(Data listing)
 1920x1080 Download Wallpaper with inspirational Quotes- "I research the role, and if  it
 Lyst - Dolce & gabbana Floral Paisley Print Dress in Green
(End Data listing)
(Data listing)
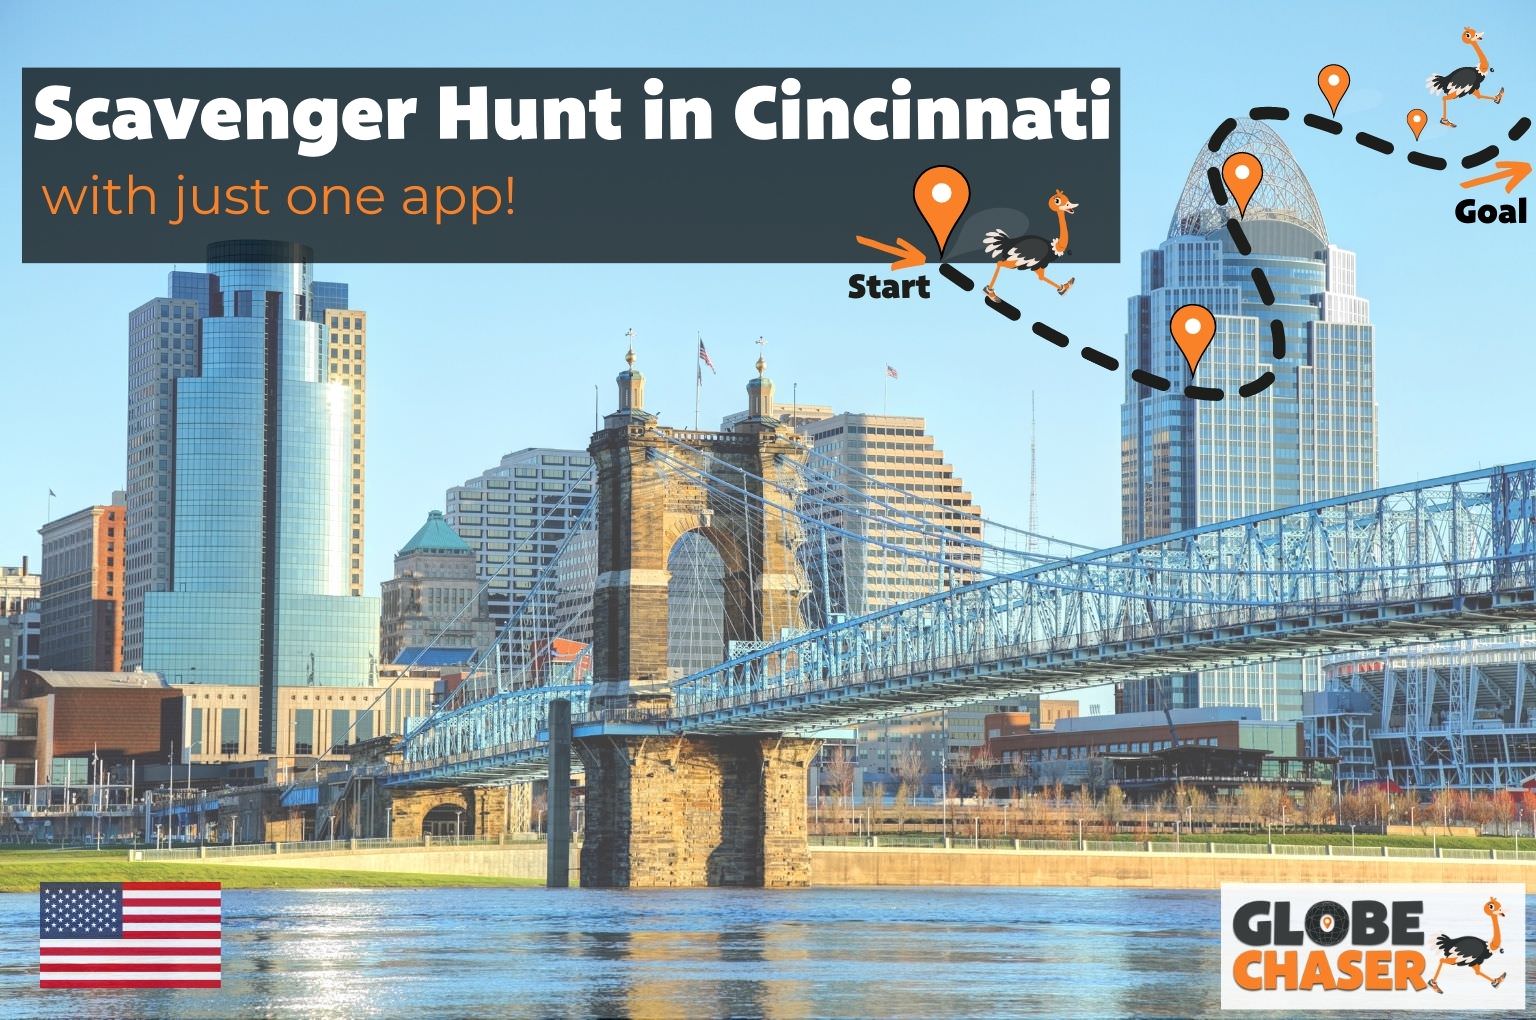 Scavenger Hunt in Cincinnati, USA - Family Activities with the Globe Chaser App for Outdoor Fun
(End Data listing)
What the task requires: In the data above, which lines lie between the line with "1920x1080 Download Wallpaper" and the line with "Lyst - Dolce", inclusive? Print those lines exactly and nothing else.

Finished task:
 1920x1080 Download Wallpaper with inspirational Quotes- "I research the role, and if  it
 Lyst - Dolce & gabbana Floral Paisley Print Dress in Green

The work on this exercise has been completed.